I read somewhere that you should not use a same bean as JPA entity and JSF model bean (because JSF does repeated calls to getters that may affect JPA), yet I do wonder if there is not a simpler way that would help avoiding this kind of code duplication. Especially when you've got an application with a large model and in many instances do not require anything special in the view beans, it looks like this can get quite cumbersome.
[...] given that my JPA entity model and the model I want to use in the views are most of the time exactly the same, is there a way of avoiding to have to create a batch of getters & setters in the PageBean?
I don't see the point of using a wrapper around an Entity and adding such a layer is indeed duplication. Just use the entity from your JSF page. Yes, this introduce some sort of coupling between the view and the domain but, in general, modifying the database usually means adding or removing fields on the view. In other words, I don't buy the "decoupling" argument and I've written enough extra layers, mapping code, boilerplate code, etc to favor the simple approach when possible.
I read somewhere that you should not use a same bean as JPA entity and JSF model bean (because JSF does repeated calls to getters that may affect JPA)
I'd be interested if you could provide a reference but a wrapper class (delegating calls to the entity) is not going to change anything if there is a problem somewhere.
Just in case, some additional resources:
EclipseLink/Examples/JPA/JSF Tutorial
It's not code duplication. The are no algorithms duplicated. The business logic is still in one place.
What your bean is doing is just connecting the View to the Domain model. This is good, it's part of the MVC pattern.
If you were using your JPA entity as your backing bean, you would be breaking the MVC pattern. For example, if one day instead of displaying a plain String you would need to add a Date to this String because the view requires so (i.e. interface requirements), are you going to write this view logic inside the JPA class? That does not make sense, mixing domain model and view model.

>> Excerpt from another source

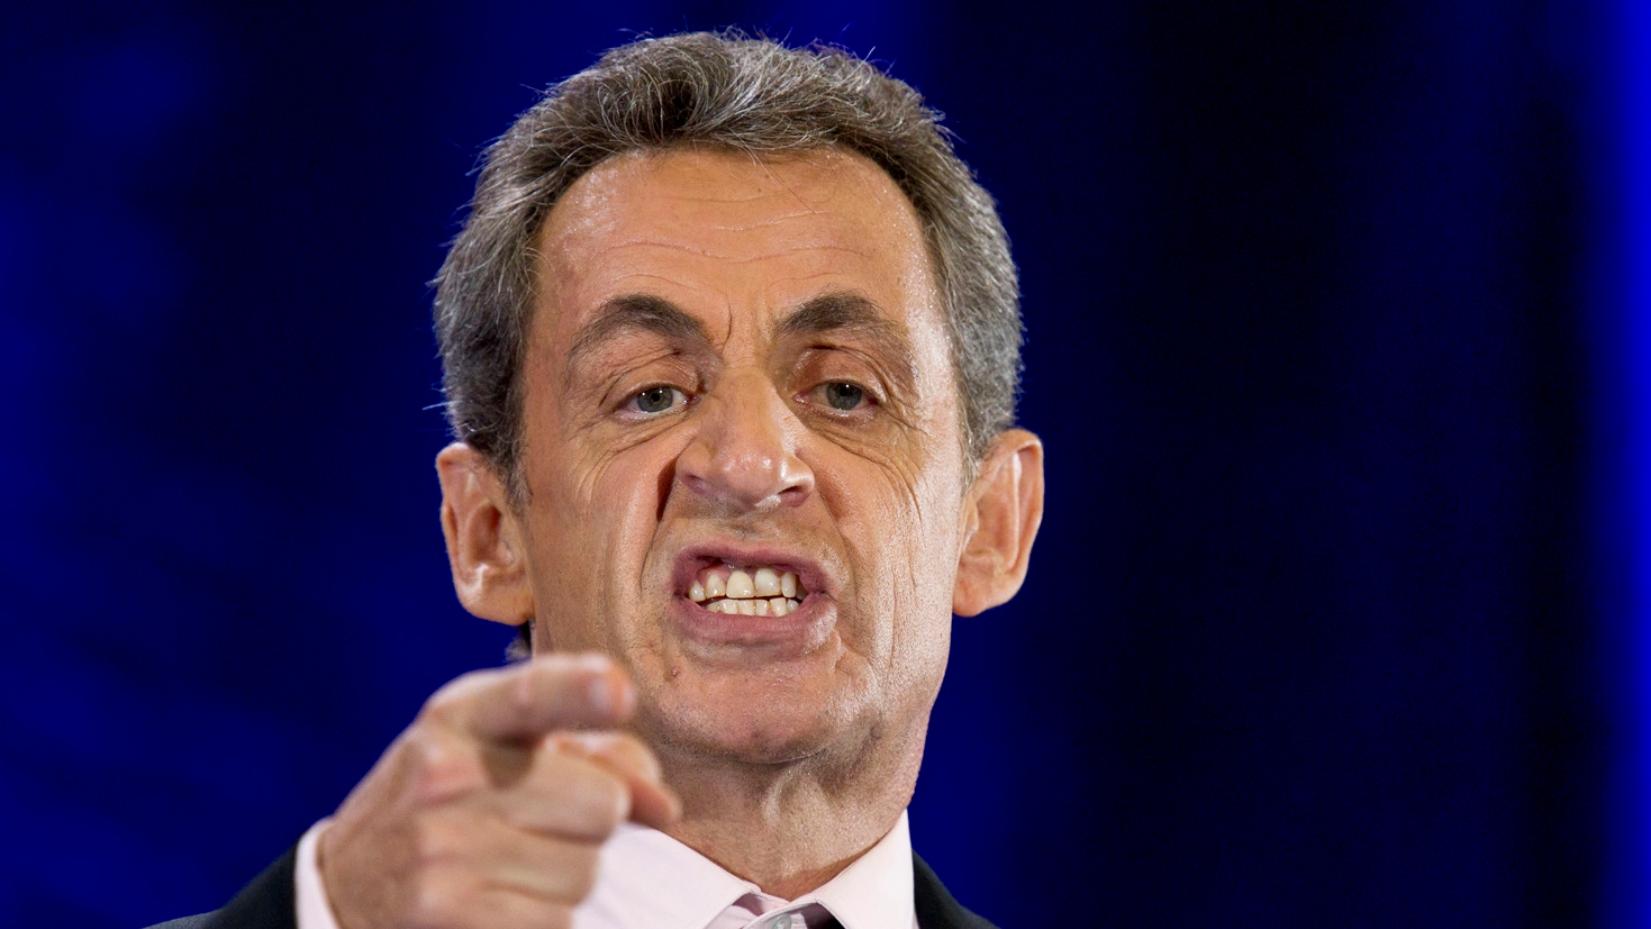 Były prezydent Fracji Nicolas Sarkozy skazany. Chodzi o aferę Bygmalion

On the other hand, why the view has to know about how the domain is implemented? What if the domain values format change? (For example you save a timestamp String instead a date class in de Database for performance reasons). All you would need to do is just rewrite the method in the backing bean, it would take the timestamp and adapt it to a Date so everything would work as it was before. Just one change outside the JPA class. If you had it in the JPA class you would end up maintaining both logics in just one class (interface logic and domain logic).
What if you want to develop a new view (for example for mobile version)? Are you gonna add even more code to the JPA class? It would be better to keep the JPA as it was and create another Bean (that extends a common bean for both views) for the mobile version.
If after all this, you still want to not to write the getters and setters, you can do
#{myBean.page.title}
all you need is a getPage() inside the backing bean.